If the ACL accumulates business logic (“round amounts to 2 dp for partner X but 4 dp for partner Y”), it ossifies. Keep the ACL purely about translation; push business logic to either side.
Once the new service is system of record and legacy has stopped writing, rolling back is hard or impossible. Define the “point of no return” explicitly; require explicit sign-off; keep the legacy path warm for a quarter past the cutover.
The engineers who wrote the original code retire. Codify their knowledge in tests against the bridge before they leave — otherwise you discover undocumented behaviour by re-implementing it incorrectly.
When not to migrate
Strangler fig is the right pattern when the legacy code is a constraint on shipping new product, scaling, or hiring. It is the wrong pattern when:
- The legacy works and is invisible. A 30-year-old batch job that runs at 2am, processes 50M transactions, and never fails is not a problem. Don’t modernise it just because it’s old.

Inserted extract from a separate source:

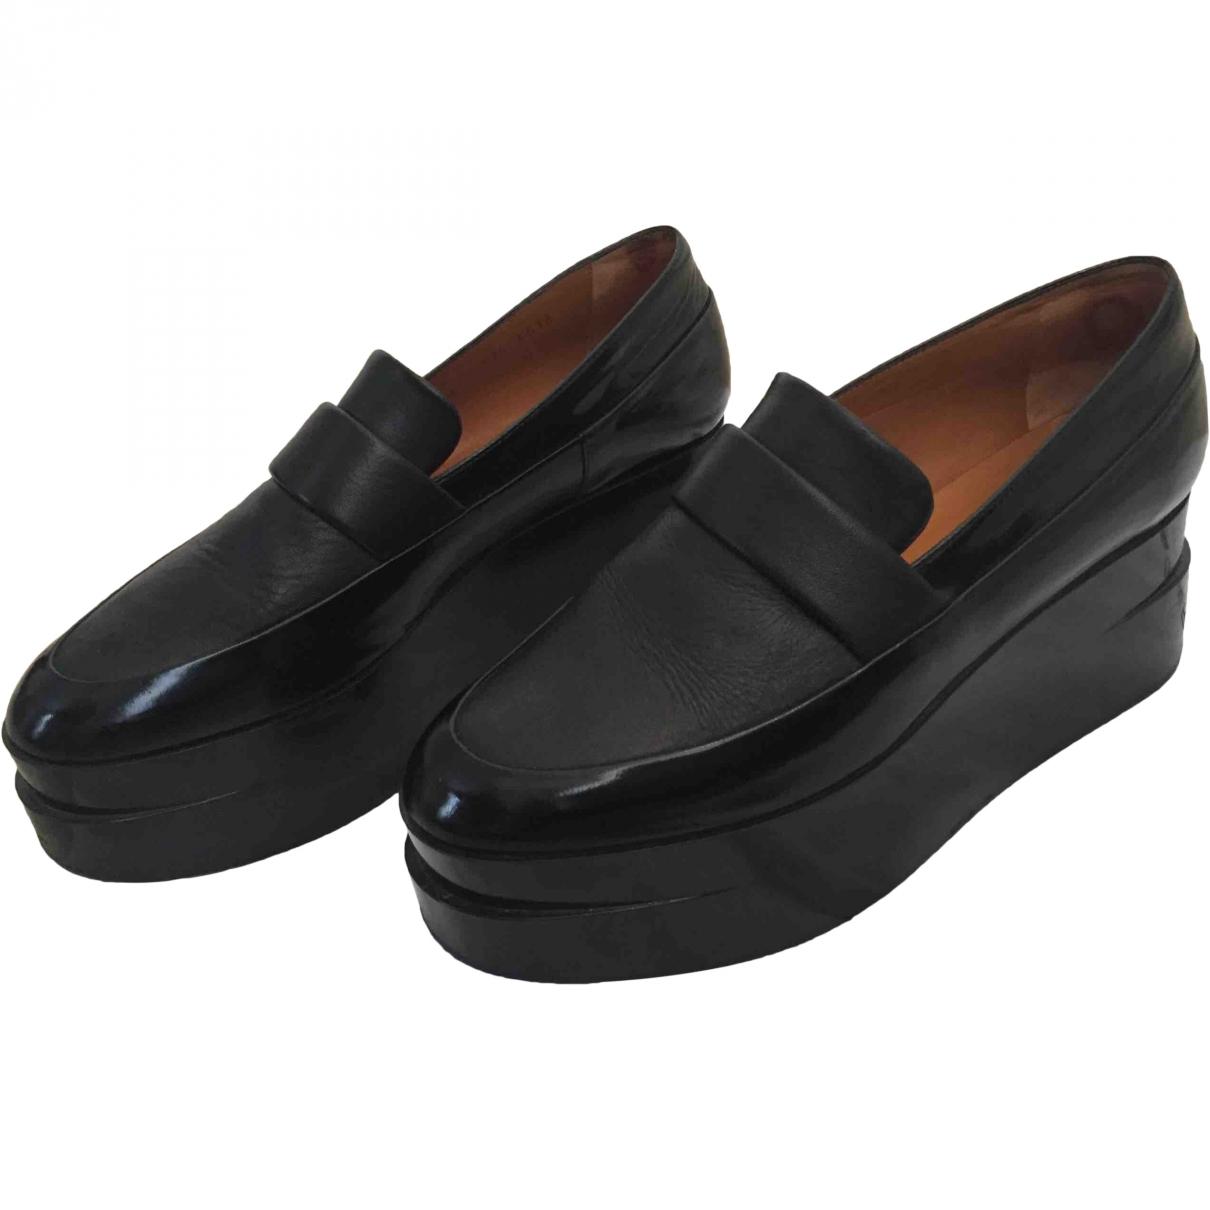 Robert Clergerie \N Black Leather Flats for Women 36.5 EU

- Regulatory certainty depends on legacy behaviour. If the regulator is comfortable with the current system and a re-implementation would require re-certification, the cost calculus shifts dramatically. Document and ringfence; don’t modernise.
- The team has no mainframe expertise left. A migration done without anyone who understands the legacy code will introduce subtle bugs that are impossible to diagnose. Hire or train first; migrate second.
- Volumes are small and the cost of running it is low. A small AS/400 system that costs less to keep than to migrate is a candidate for “leave alone forever.”